# Stucco to replace T111



## Courageous1 (Aug 2, 2010)

I bought a 1950s repo last December and have been mainly focused on the interior up until now.  I finally have enough done inside that I can start thinking about the exterior.  The previous owner enclosed the carport and used T111 wood siding.  The rest of the house is stucco.  The carport enclosure addition was done without a permit, so it goes without saying that the quality of work done could be better.  The majority of the T111 needs to be replaced.  It was not sealed well, and there is no flashing or protection along the bottom edges.  When it rains the siding absorbs some moisture through the bottom.  Fortunately I live in Southern California and it only rains a few times a year. 
I would like to make the exterior look more cohesive and stucco the carport addition.  I don't know if it is possible to stucco over the T111, or if that is even a good idea.  I am not really concerned about water damage behind the siding, we did a lot of gutting on the interior and there were no signs that water had damaged anything other than the exterior siding. 
Also, when the previous owner poured some concrete around the exterior of this addition, they poured it directly against the siding.  I am planning to rip out that concrete and redo it (its cracking and uneven).  I am sure that when I do that some of the siding is going to come off with the concrete! 
I'd like to know the most cost effective way of redoing the exterior of this portion of the house.  If it is going to be significantly more expensive to replace the siding with stucco, I don't know if I would do it.  Although I know that the aesthetic value of having the exterior all one material may be worth the extra cost.
Any suggestions?


----------



## inspectorD (Aug 3, 2010)

It is doable, but do not expect great results in the future when the T-111 moves because it is probably 2 feet on center attached to the framework. Then of course it could also be fine since you do not get alot of moisture where you live, so the movement may be minimal.

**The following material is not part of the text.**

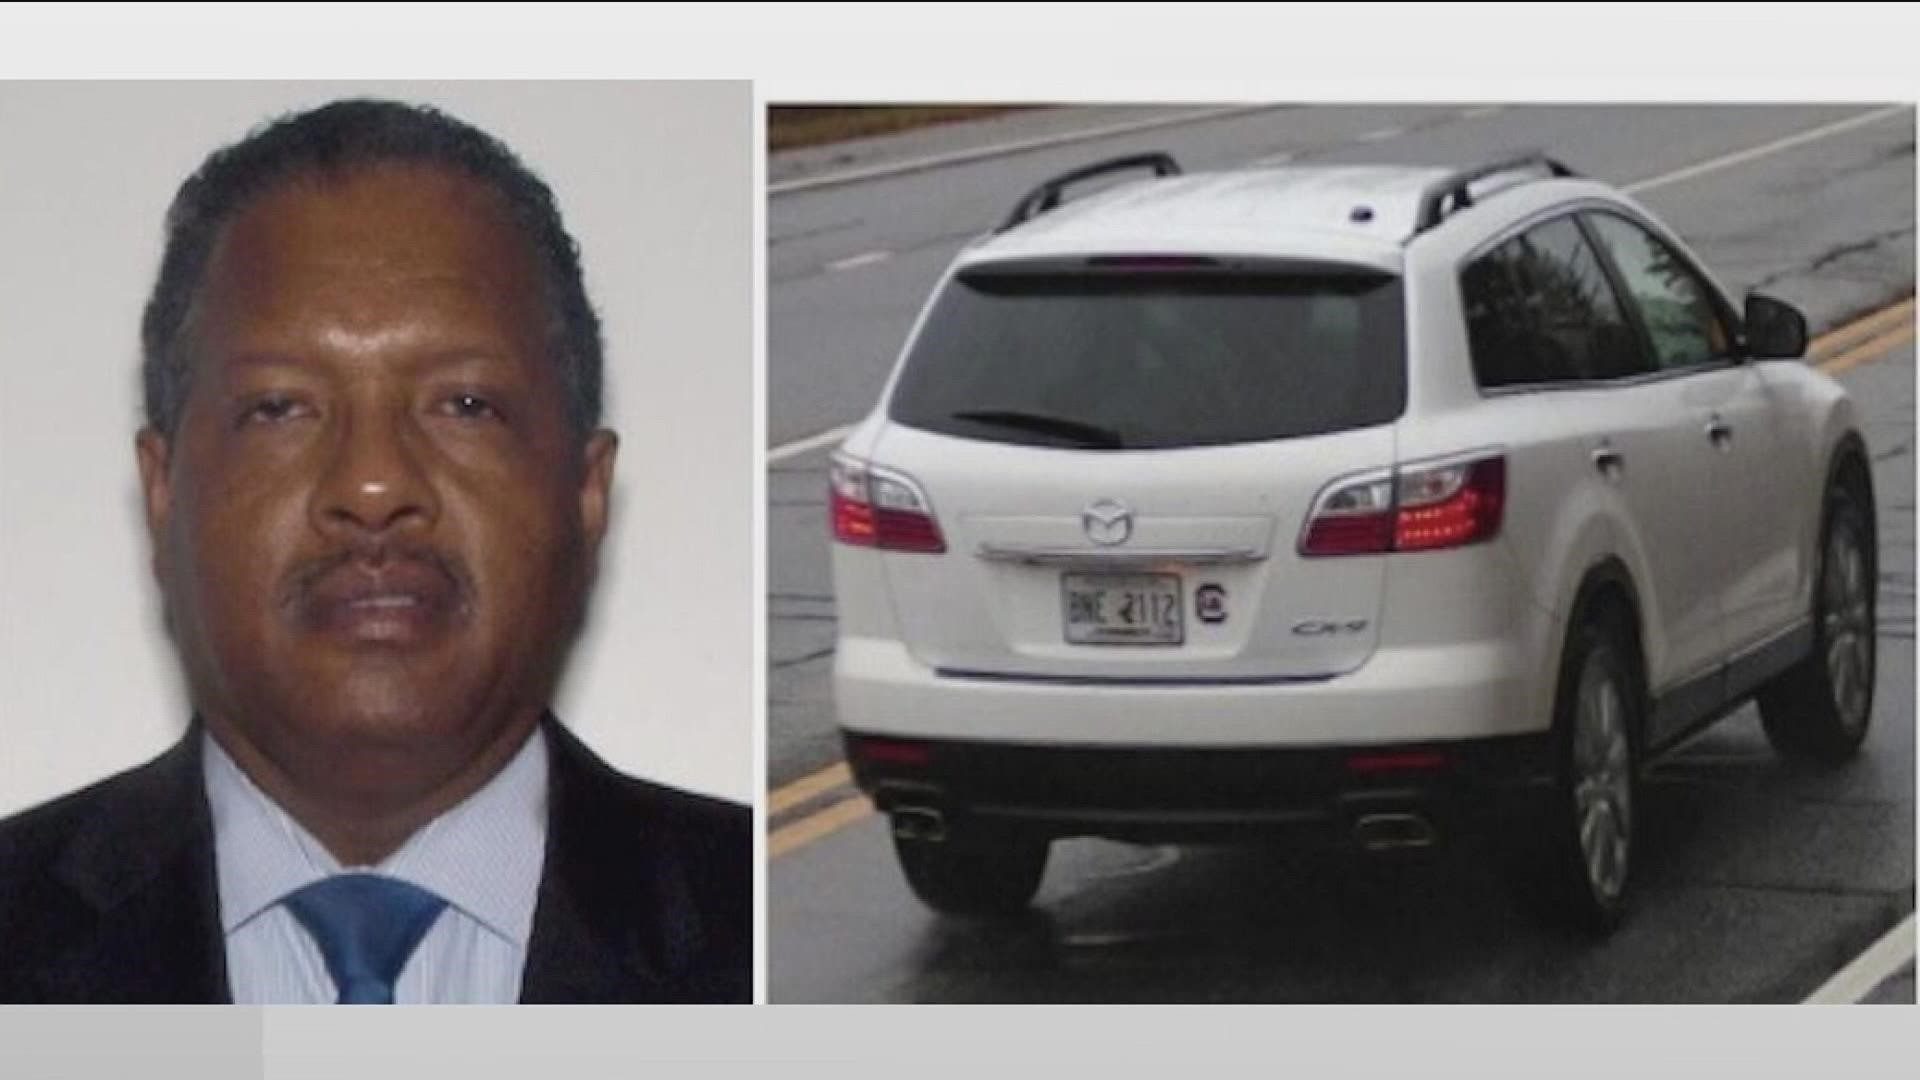 Victor Roberts had been reported missing in Cobb County last week. He was a deputy commissioner in the Georgia Department of Juvenile Justice.
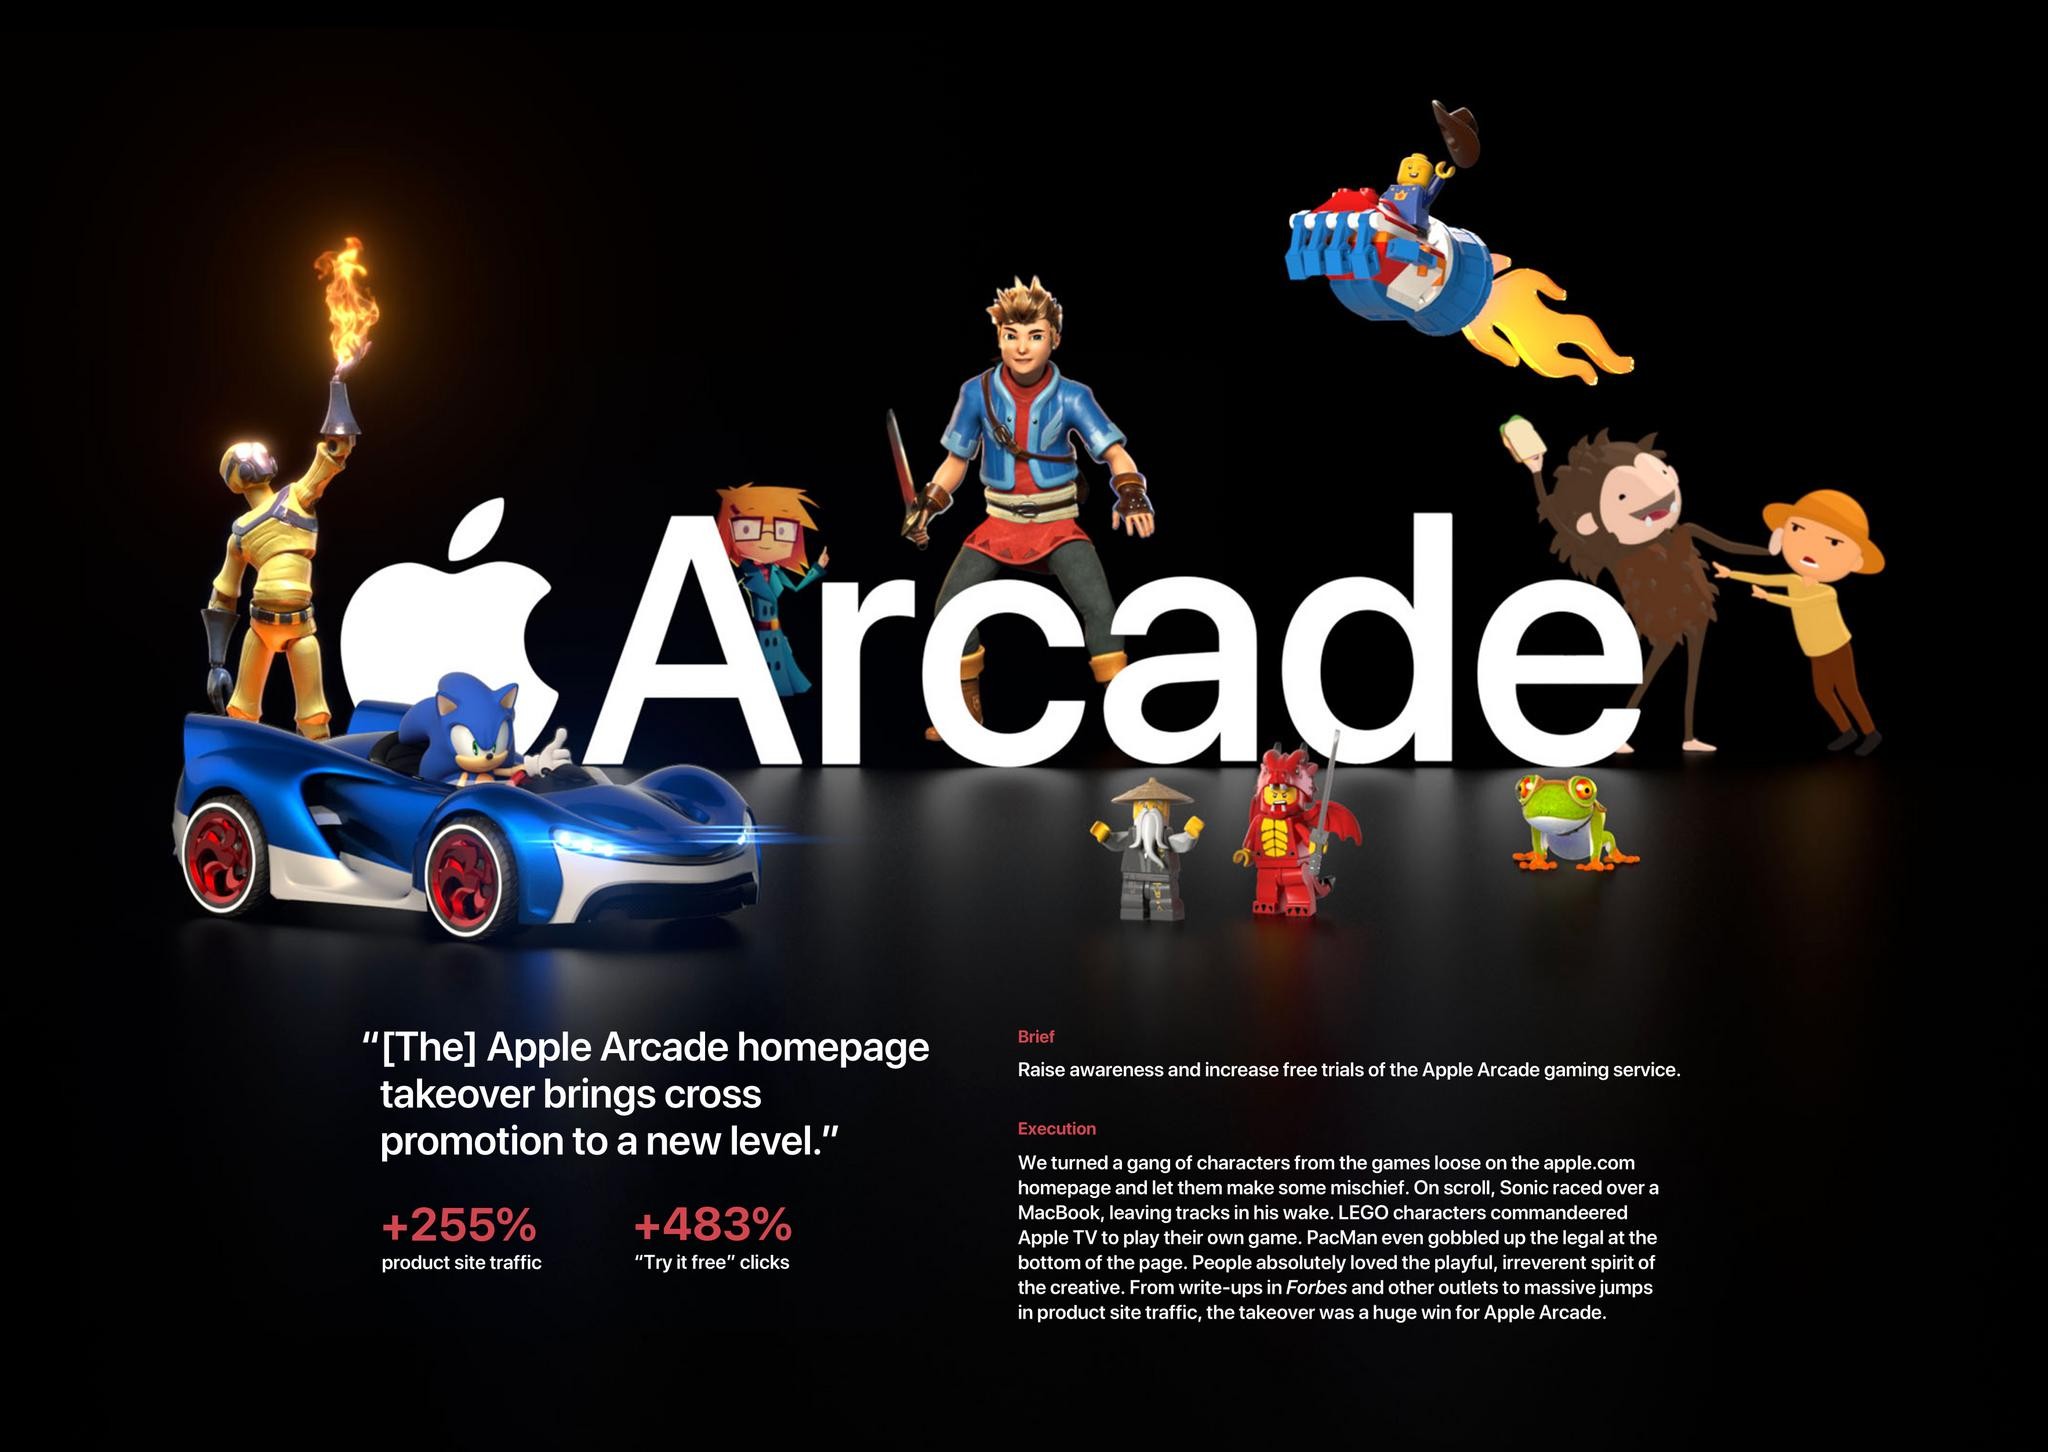 Apple Arcade: Time for some mischief

Just repair or replace any of the damaged T-111. You also want to paint all the edges if the plywood is painted already o keep it consistant.
Then fasten it all down with some ringshank nails that will not pull out.

Then have a licenced contractor come out and give you some $$ amounts to install. Get more than one, and do your homework on types of stucco in your area. Good luck.


----------



## GBR (Aug 23, 2010)

I would remove the abutting concrete, dig and pour a new foundation, footing and short wall to get the bearing needed for the new stucco. To build a stuccoed wall on a carport slab without perimeter footings to support it would be foolish. Then your H.O.Insurance would cover it when the "Big one" shakes. You'll have it permitted and paper trailed.

Be safe, Gary


----------